Characterizing the Habitable Zones of Exoplanetary Systems with a Large Ultraviolet/Visible/Near-IR Space Observatory

Creators: France, Kevin; Shkolnik, Evgenya; Linsky, Jeffrey; Roberge, Aki; Ayres, Thomas; Barman, Travis; Brown, Alexander; Davenport, James; Desert, Jean-Michel; Domagal-Goldman, Shawn; Fleming, Brian; Fontenla, Juan; Fossati, Luca; Froning, Cynthia; Hallinan, Gregg; Hawley, Suzanne; Hu, Renyu; Kaltenegger, Lisa; Kasting, James; Kowlaski, Adam; Loyd, Parke; Mauas, Pablo; Miguel, Yamila; Osten, Rachel; Redfield, Seth; Rugheimer, Sarah; Schneider, Christian; Segura, Antigona; Stocke, John; Tian, Feng; Tumlinson, Jason; Vieytes, Mariela; Walkowicz, Lucianne; Wood, Brian; Youngblood, Allison

Abstract

Understanding the surface and atmospheric conditions of Earth-size, rocky planets in the habitable zones (HZs) of low-mass stars is currently one of the greatest astronomical endeavors. Knowledge of the planetary effective surface temperature alone is insufficient to accurately interpret biosignature gases when they are observed in the coming decades. The UV stellar spectrum drives and regulates the upper atmospheric heating and chemistry on Earth-like planets, is critical to the definition and interpretation of biosignature gases, and may even produce false-positives in our search for biologic activity.

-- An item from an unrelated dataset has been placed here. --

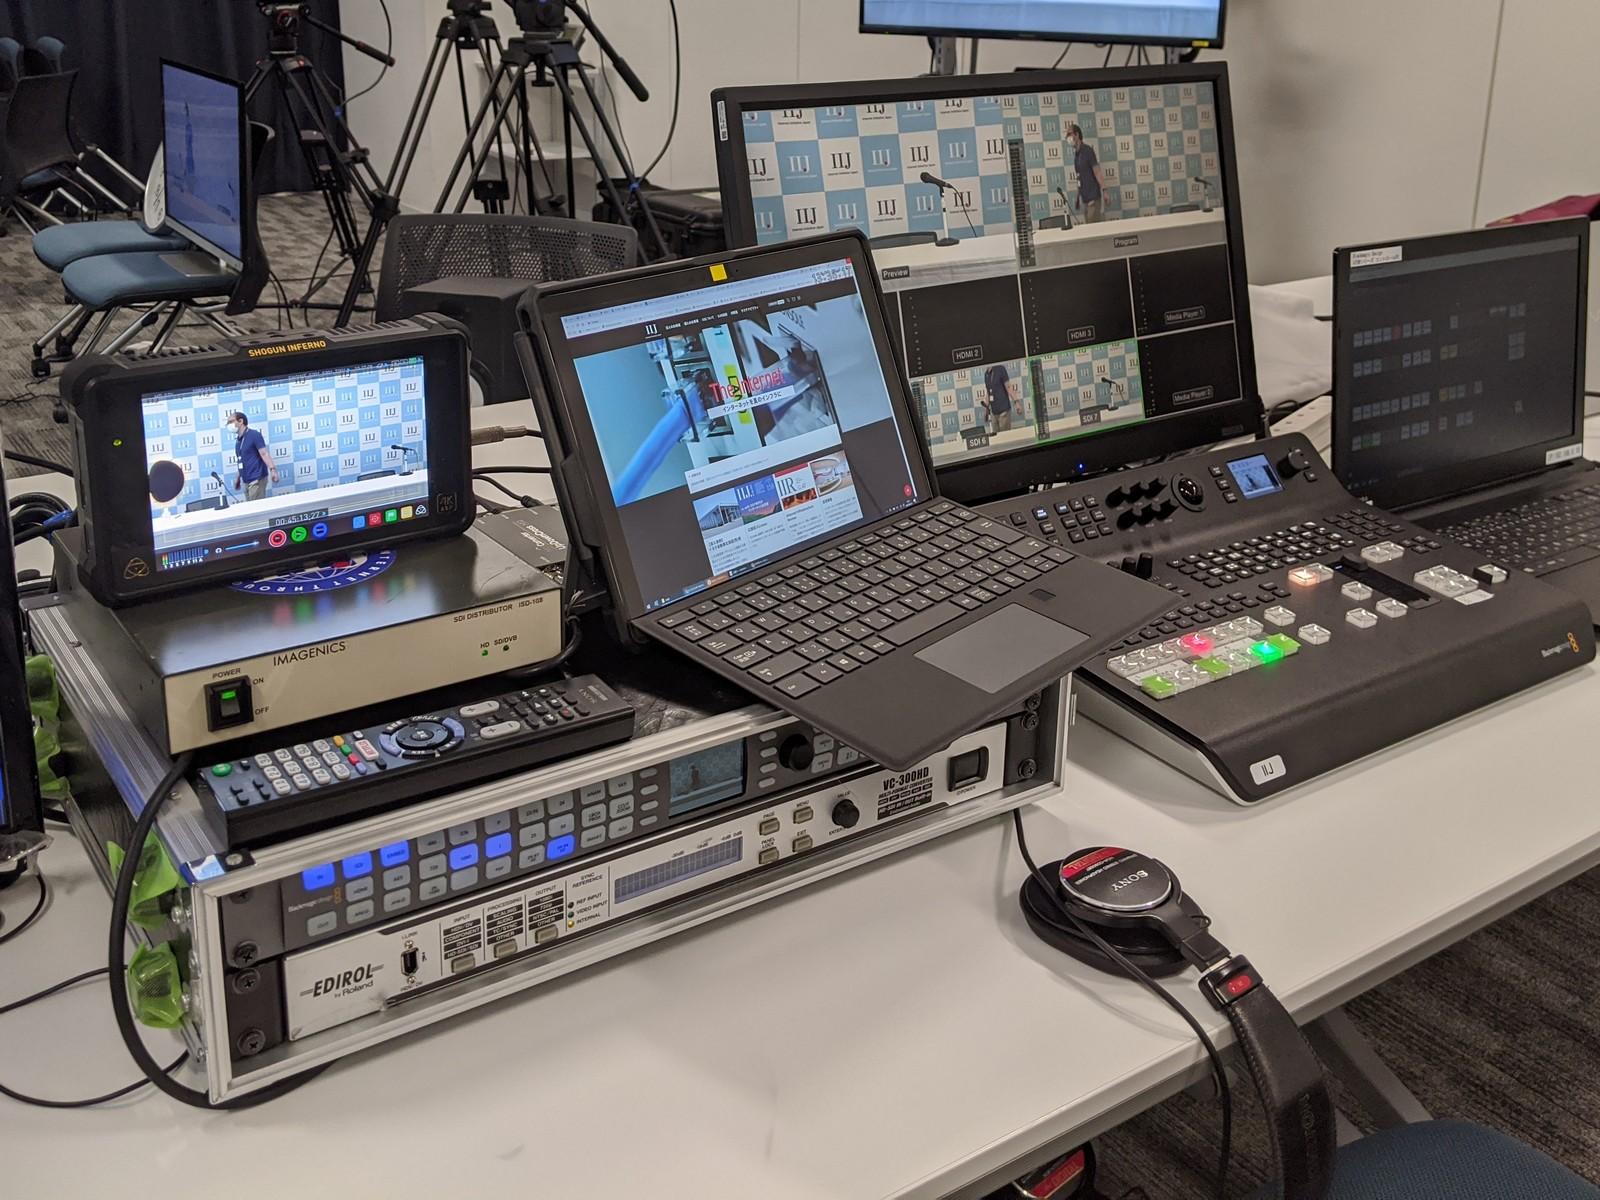 映像オペレーター側から。右側が映像のスイッチャーで、左は最終画面のチェック用モニターの陰に保存用のHDMIレコーダーがある。下のラックは音声と映像を合わせるためのディレイ

This white paper briefly describes the scientific motivation for panchromatic observations of exoplanetary systems as a whole (star and planet), argues that a future NASA UV/Vis/near-IR space observatory is well-suited to carry out this work, and describes technology development goals that can be achieved in the next decade to support the development of a UV/Vis/near-IR flagship mission in the 2020s.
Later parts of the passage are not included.